> Information shown:
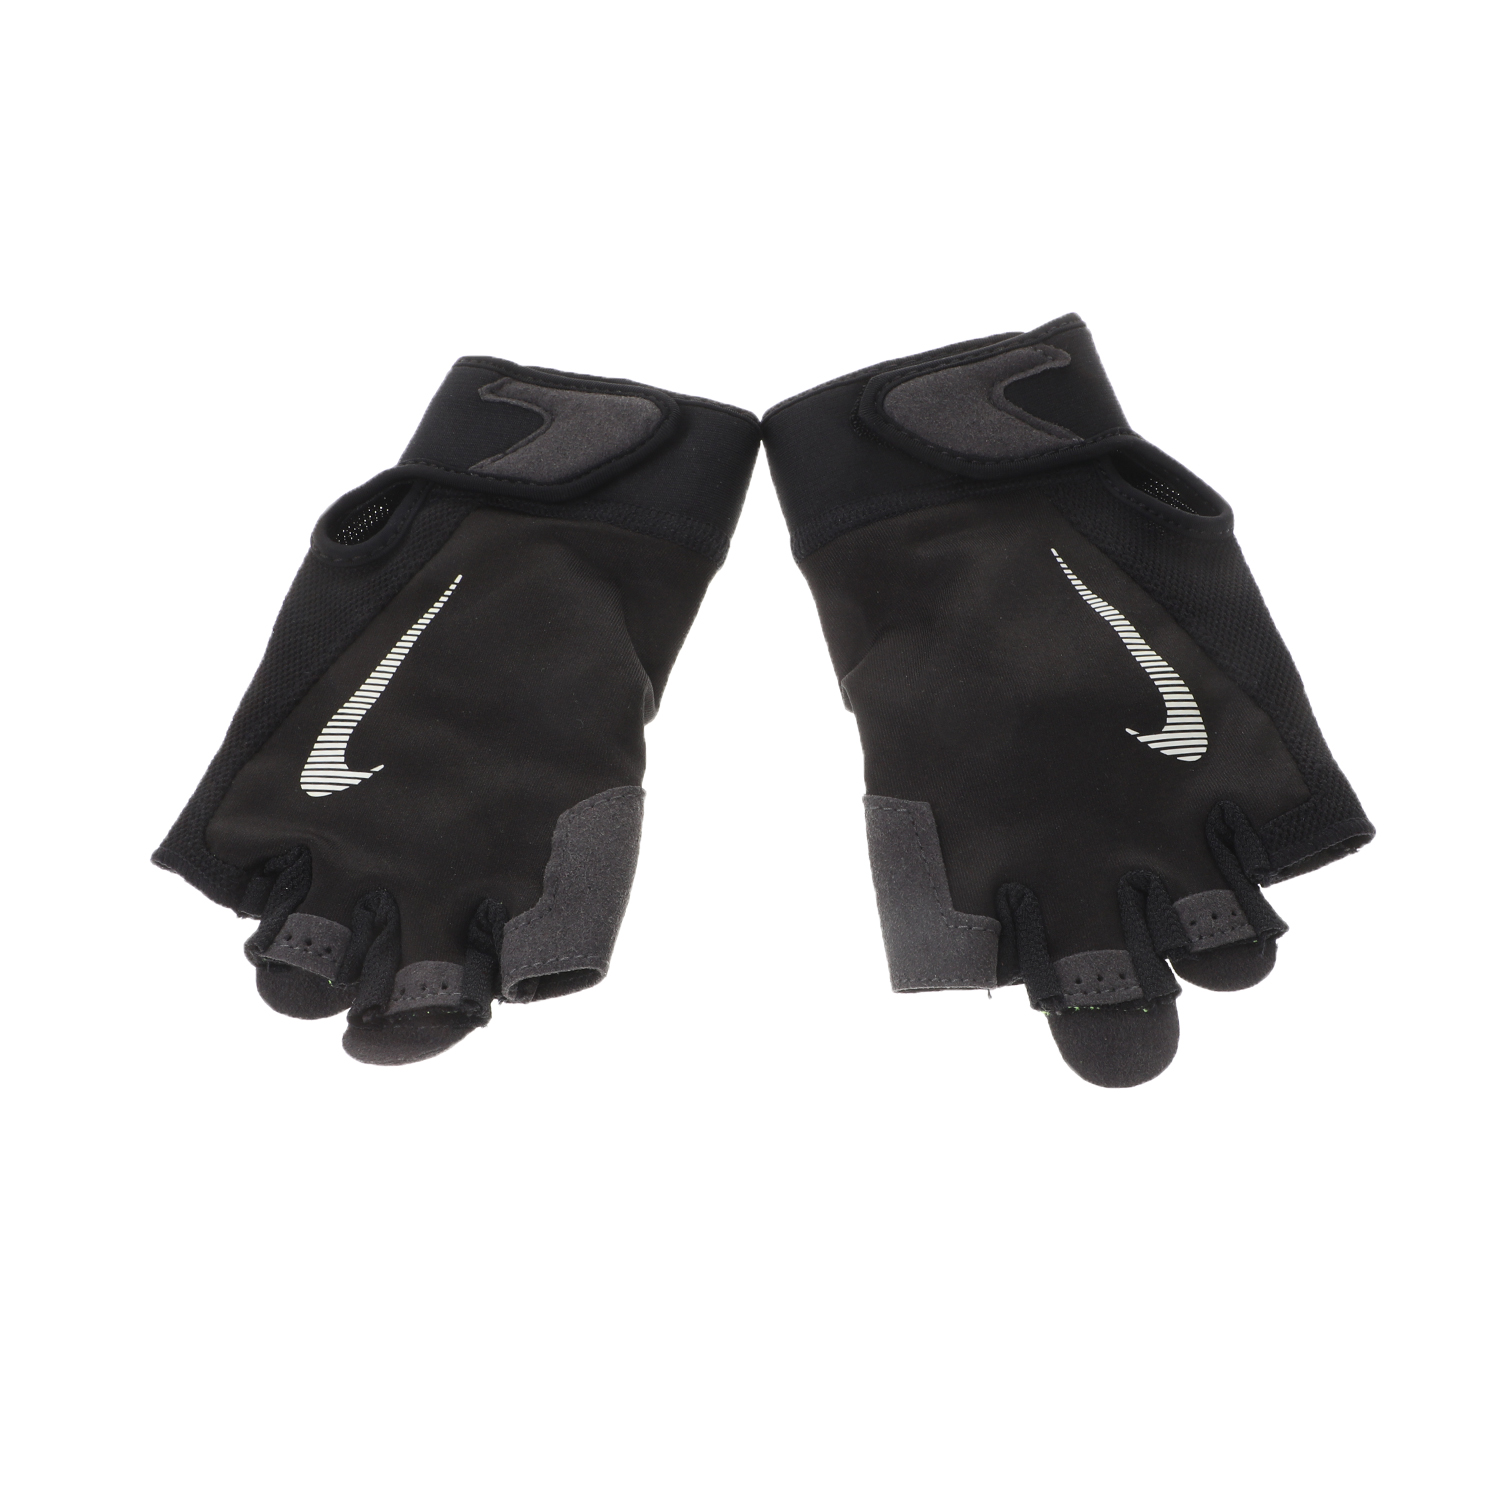 Ανδρικά/Αξεσουάρ/Αθλητικά Είδη/Εξοπλισμός NIKE - Ανδρικά γάντια προπόνησης NIKE N.LG.C2.MD ULTIMATE FITNESS μαύρα
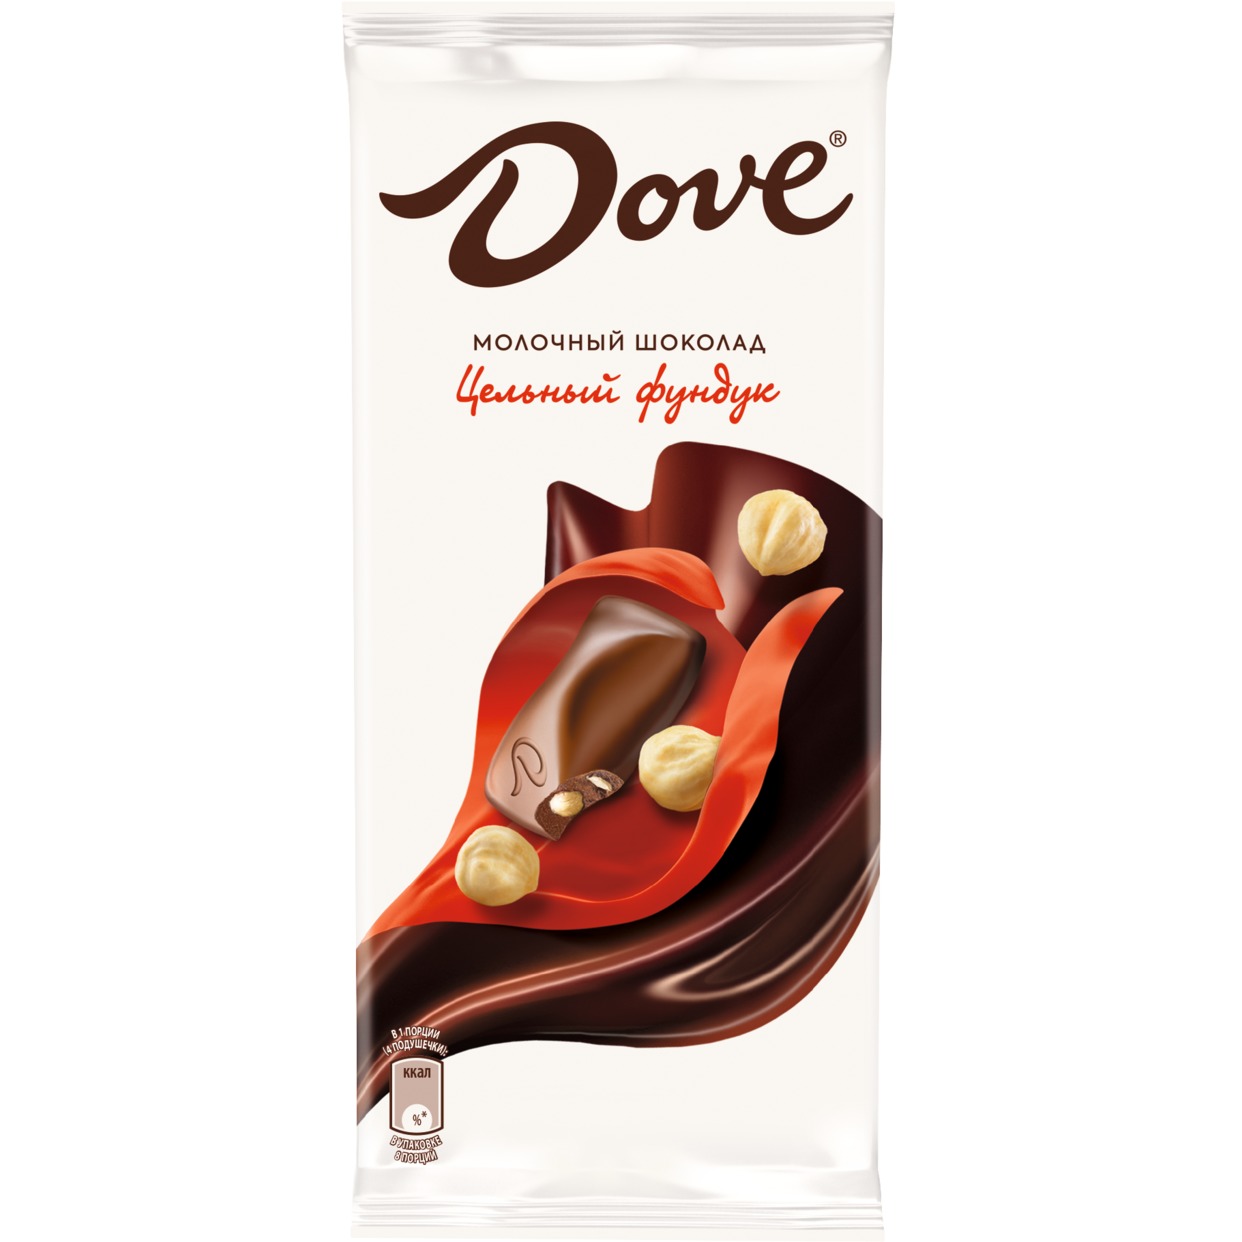 Шоколад Dove Молочный с Цельным Фундуком 90г по акции в Пятерочке
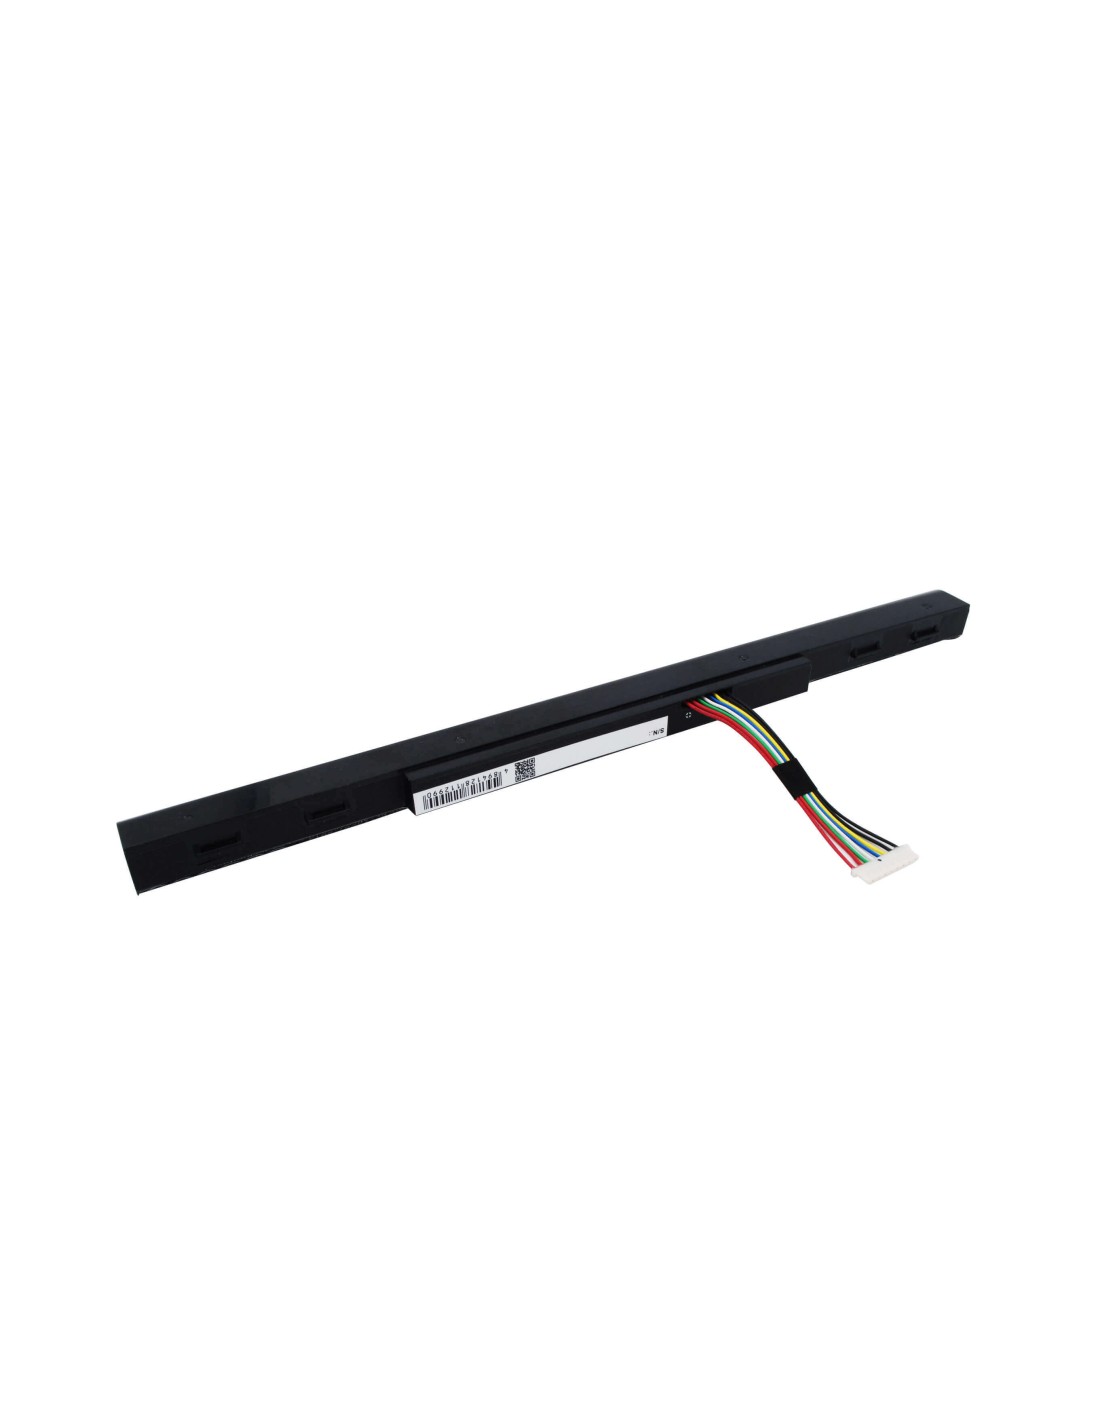 Black Battery for Acer Aspire E5-422, Aspire E5-422g, Aspire E5-472 14.8V, 2200mAh - 32.56Wh

> Aim of the exercise: The response has to be an exact copy of all the data, pictures excluded.

> Solved exercise:
 Ανδρικά/Αξεσουάρ/Αθλητικά Είδη/Εξοπλισμός NIKE - Ανδρικά γάντια προπόνησης NIKE N.LG.C2.MD ULTIMATE FITNESS μαύρα
 Шоколад Dove Молочный с Цельным Фундуком 90г по акции в Пятерочке
 Black Battery for Acer Aspire E5-422, Aspire E5-422g, Aspire E5-472 14.8V, 2200mAh - 32.56Wh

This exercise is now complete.